Many people assume that “leadership” is something you are either born with or not. However, research shows that the skills evidenced by strong leaders can be learned and developed throughout an individual’s life. Maxine Dalton and other researchers at the Center for Creative Leadership in Greensboro, North Carolina, have been studying ways leadership potential can be developed for global roles.
The challenges faced by global managers and other leaders differ from those faced domestically. Not only do global leaders encounter the obvious challenges of communicating in a foreign language or with non-native speakers, but they must also deal with all the challenges domestic leaders face in communicating clearly, motivating employees, maintaining standards, and keeping business moving forward smoothly. To compound this, global managers face a great deal more complexity. They must understand legal issues in multiple countries and be able to negotiate favorably even with adverse conditions including jet lag and language barriers; they must deal with broader and more conflicting ethical issues, such as how decisions made in one country will affect another; they must often juggle the needs, policies, and habits of multiple nationalities simultaneously.
So, what is that makes a global leader effective? Dalton suggests the following four traits are crucial for anyone wanting to lead on a global scale:
- Tolerance for and ability to manage high levels of complexity. Global leaders need to be able to gather and utilize huge amounts of possibly contradictory information from multiple sources and make quick, effective decisions.
- Excellent interpersonal skills. Mangers’ relationship-building skills are often the glue that holds things together while the complexities are sorted out and they determine most appropriate response in any given country or situation.
- The ability to learn from experience. The best information is useless if the manager can’t take effective action based on what he knows. The inability to adapt and the tendency to repeat past mistakes only slows down progress.

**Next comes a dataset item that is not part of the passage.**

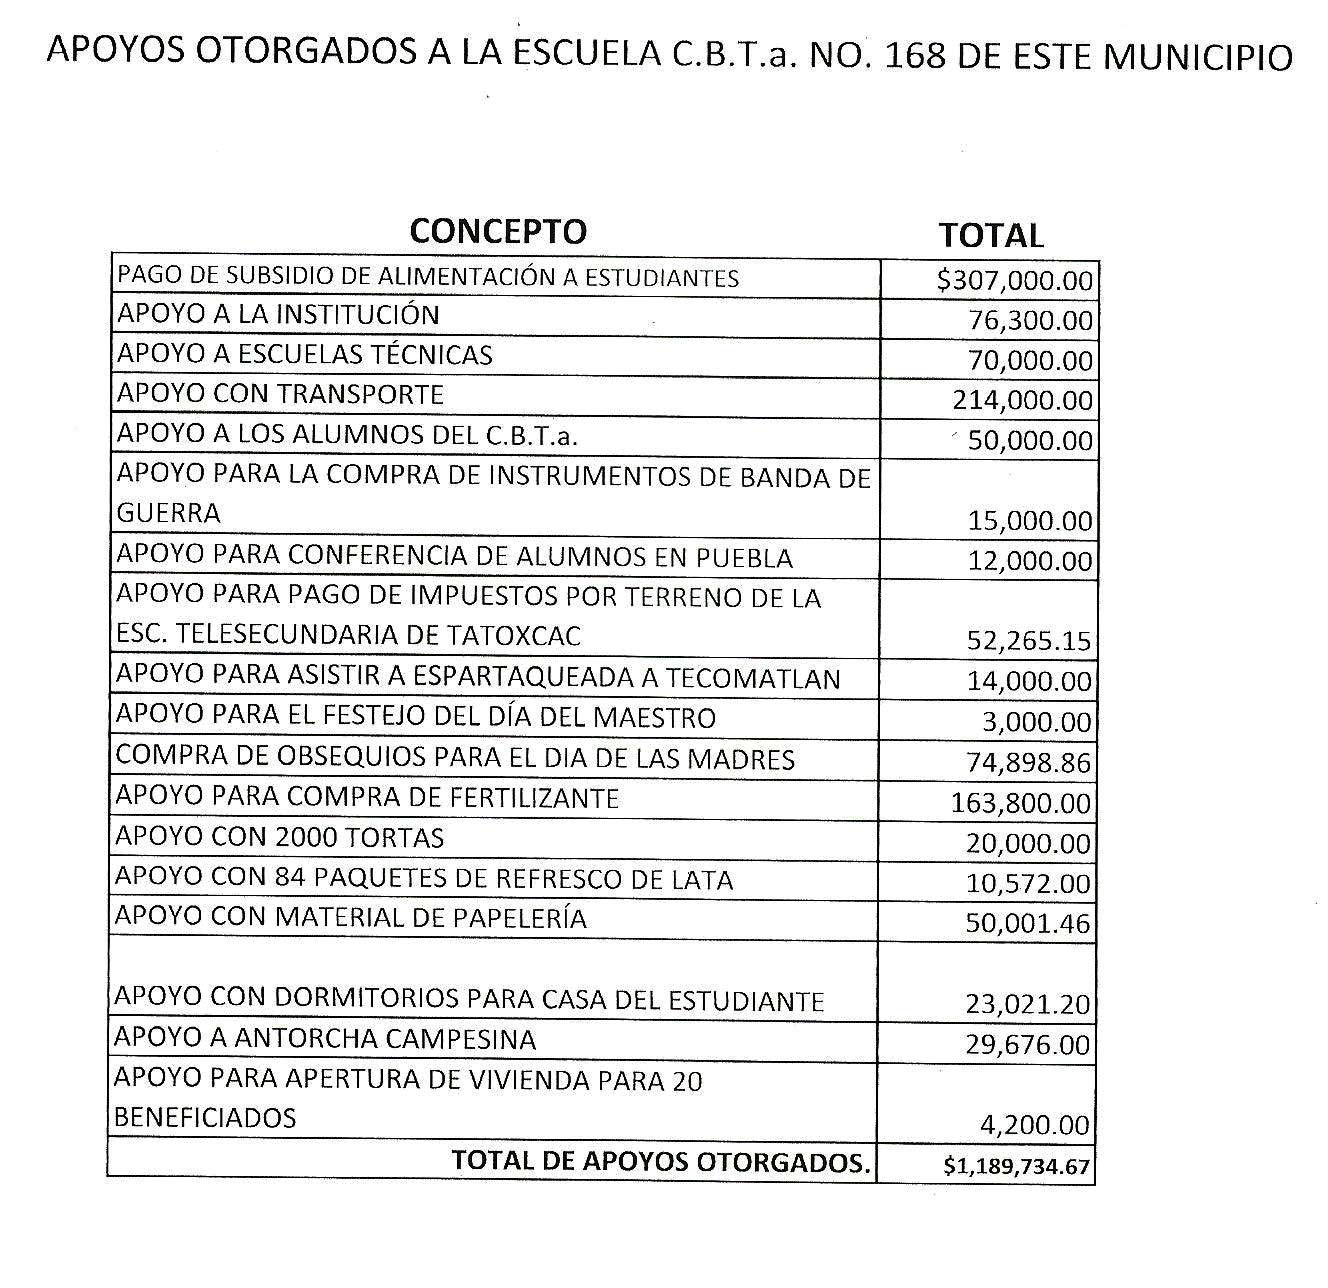 Revela alcalde de Zacapoaxtla extorsión millonaria cometida por líder antorchista

- Advanced moral reasoning. Ethical dilemmas are inevitable when operating globally, since the difference between individual party’s interests will likely be greater. The ability to assess these issues and take effective and fair action is crucial to success.
How can these traits be developed? Dalton recommends that individuals take every opportunity to gain international work experience and to treat every international assignment as an opportunity to learn, grow, and develop actively and consciously.
- Seek out feedback, be open to criticism, and attempt to utilize that information once you’ve had time to process it.
- Exercise cultural curiosity and the willingness to take risks, try new things, and be flexible.
- Seize any opportunity to develop general business skills and interpersonal “soft” skills, since these skills can often be adapted to work cross-culturally.
- Don`t be afraid to trust perception, insight, and intuition when communicating — many other cultures rely far more on indirect and non-verbal signals than is common in the US.
- Finally, maintain a strong commitment to both success and integrity and don’t shy away from assignments that have consequences, even if the consequences are public.
– Based on Dalton, M.A. (1998) Developing leaders for global roles. In C.D. McCauley, R. S. Moxley, and E.V. Velsor, (Eds.) Center for Creative Leadership handbook of leadership development. San Francisco, CA: Jossey-Bass.